Storage Systems in Edge Computing Infrastructures

Storage Systems in Edge Computing Infrastructures: Comparison

Please note this is a comparison between Version 1 by Antonios Makris and Version 2 by Sirius Huang.

Edge computing constitutes a promising paradigm of managing and processing the massive amounts of data generated by Internet of Things (IoT) devices. Data and computation are moved closer to the client, thus enabling latency- and bandwidth-sensitive applications. However, the distributed and heterogeneous nature of the edge as well as its limited resource capabilities pose several challenges in implementing or choosing an efficient edge-enabled storage system. Therefore, it is imperative for the research community to contribute to the clarification of the purposes and highlight the advantages and disadvantages of various edge-enabled storage systems.

blockchain
object storage
file storage
databases
edge computing
secure storage

1. Introduction

The amount of data generated by Internet of Things (IoT) devices is expected to grow dramatically in the future. According to Cisco [1], there will be almost 30 billion devices connected to the network by the end of 2023. Therefore, existing infrastructures will not be able to support, manage, and process such massive amounts of data. In fact, the current cloud infrastructure alone cannot support a large number of the current IoT applications as end devices are usually distant from the cloud servers, thus adding processing and network overhead, resulting in high latency, low bandwidth, and overall performance degradation.

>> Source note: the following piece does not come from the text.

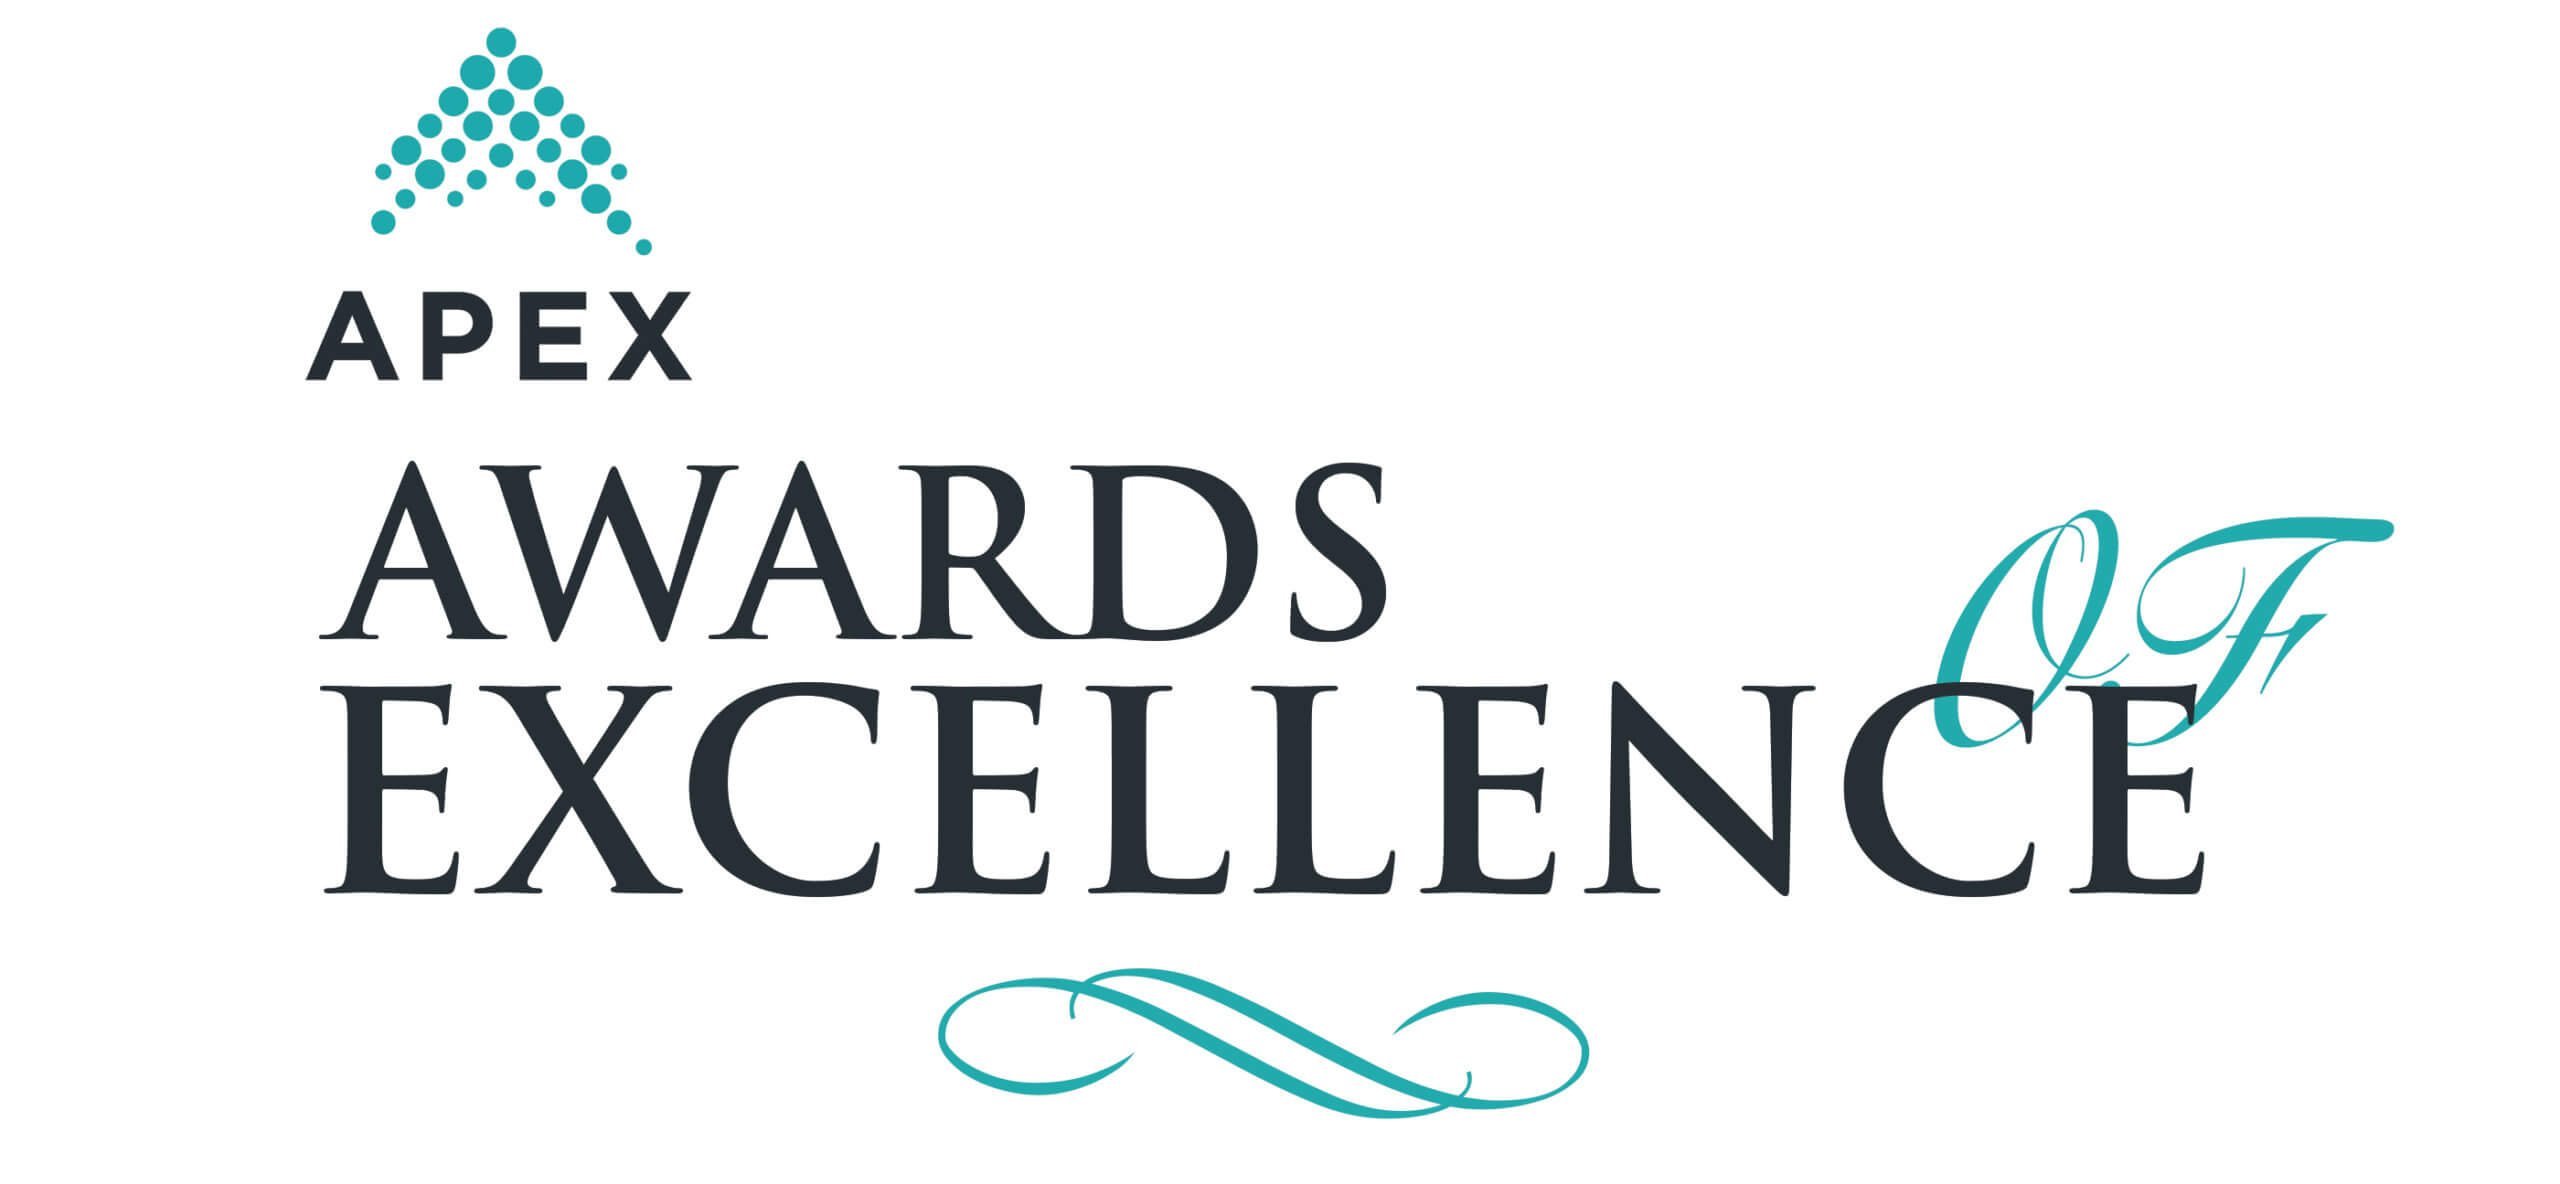 Awards of excellence logo

A conceptual approach which combines the benefits of the cloud and the decentralized processing of services on edge devices is known as edge computing. Edge computing is a promising paradigm able to avoid network bottlenecks, overcome communication overheads, and reduce the data transfer delay ^{[2][3][4][5][6][7][8][9]}[2,3,4,5,6,7,8,9], as the computational load is moved to the edge of the network, thus leveraging the computational capabilities of the edge nodes. Resource-rich computational resources are placed closer to mobile or IoT devices [10] and therefore edge computing offers higher scalability and availability than traditional cloud platforms ^[11][12][11,12]. Over the years, several edge architectures have been proposed to improve throughput, latency, and network coverage ^[13][14][13,14]. In order to realize the cloud/edge integration, various technologies from different domains should be combined, including computing, network, and application-oriented fragments [15].

One of the main challenges in the development of applications at the edge is the efficient data sharing between the edge nodes, and it can be accomplished within individual application frameworks or through an external storage service. Despite significant improvements in offering an efficient edge storage solution, there are still some issues to be addressed related to the functional and non-functional requirements of cloud/edge-based applications, including low data retrieval latency, high availability and integrity, dealing with a potential shortage of storage resources at an edge node, supporting rapid application component deployment or automatic restart/replacement of unresponsive components, and dealing with the high heterogeneity presented in edge environments. These requirements can be achieved by optimizing resource usage, allocation, and data management plans on edge devices. Hence, the edge storage needs to provide a reliable, fast, stable, and secure shared storage engine, and because it is designed for edge devices with limited resource capabilities, it needs to be extremely lightweight.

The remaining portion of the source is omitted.